The Impact of Serverless Computing on Big Data

Last Updated on July 11, 2018

When it comes to designing the data framework within the organization, a serverless computing application stack is all the rage now. Gone are the days where we wait for pristine servers to be provisioned to serve a request. Organizations in their pursuit to ensure analytics driven processes and decision-making, are re-engineering their infrastructure to suit the needs of contemporary analytics workloads. In a 2016 study, ‘Voice of the Enterprise (VotE): Cloud Transformation, Workloads and Key Projects 2016’, by 451 Research, it was found that 37% of IT decision-makers were already using the architecture of serverless computing to some degree. Fourteen percent of decision-makers were serverless in production and 11% were testing the technology. Twelve percent of the respondents were in initial discovery phases.

The buzzword ‘pay for what you use’ has led to serverless architecture turning mainstream. To organizations evaluating whether to go serverless, this blog will discuss the pros and cons of serverless architecture with a reference implementation detail.

Serverless framework – reality or hype?
‘Serverless framework’, in layperson’s terms, means that your backend computation logic will run on vendor-maintained infrastructure where you can run your own code and for which you will be charged only for your usage. The onus of keeping the infrastructure up and running at all times falls on the vendor.

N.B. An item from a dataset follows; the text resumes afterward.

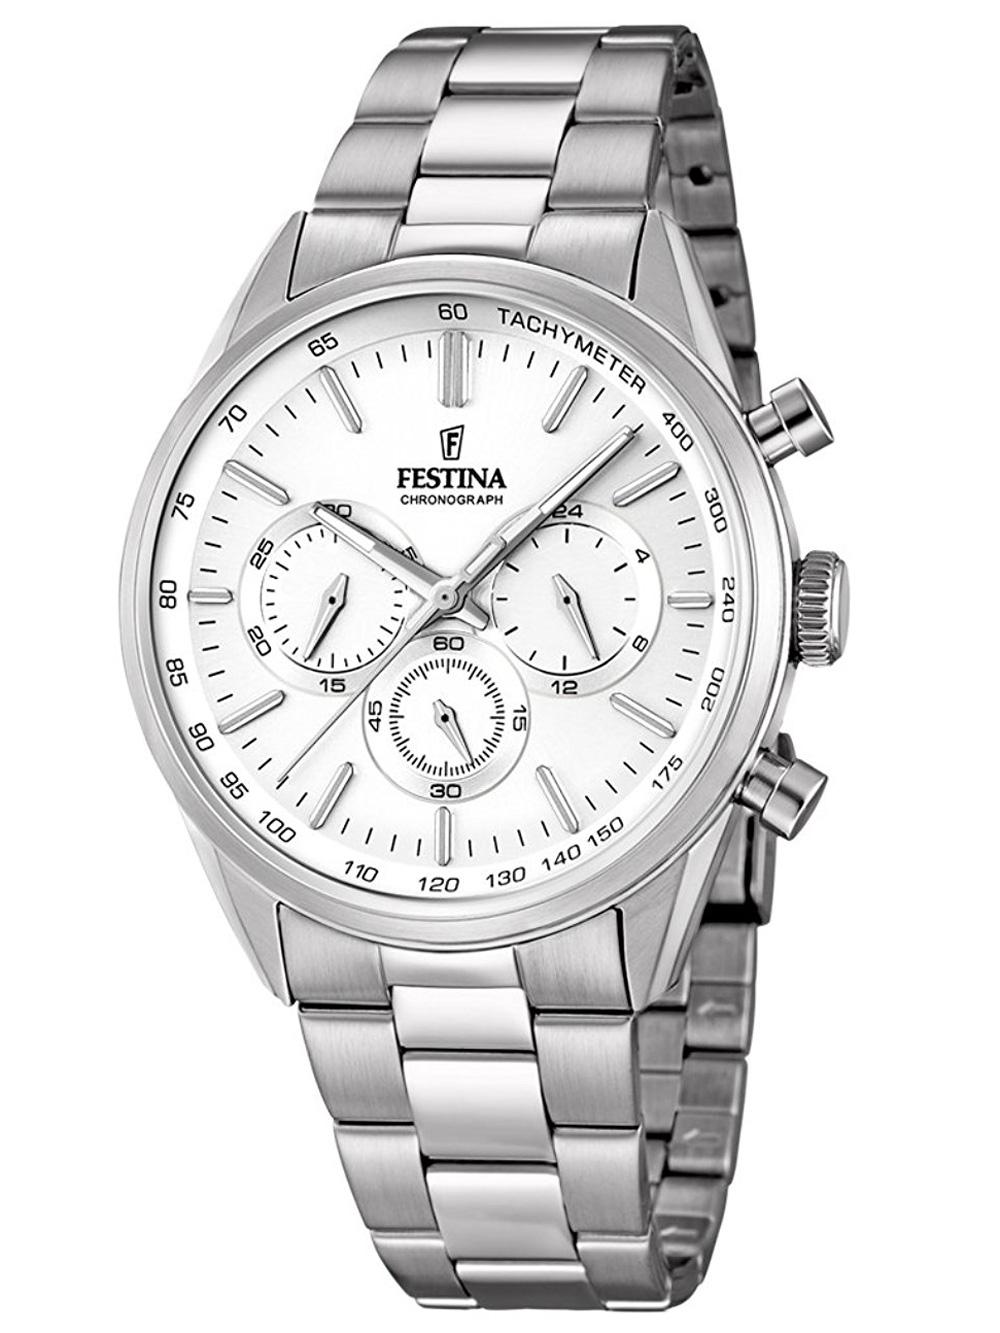 Festina F16820 1 Sport Chronograph 44mm 5ATM

There are many potential benefits to serverless computing, including reduced costs and speedy deployments for certain businesses. However, there are few concerns such as vendor lock-in that might be an issue when it comes to migration for businesses.

Data-as-a-service paves way for a well interconnected data landscape where different applications communicate and converse over APIs (Application Programming Interface). The demand and scale are never predictable and never consistent. There is no regard for the past and future states. This sets the stage for hopping off the comfort zones of server-bound processing to a dynamic and infinite serverless paradigm.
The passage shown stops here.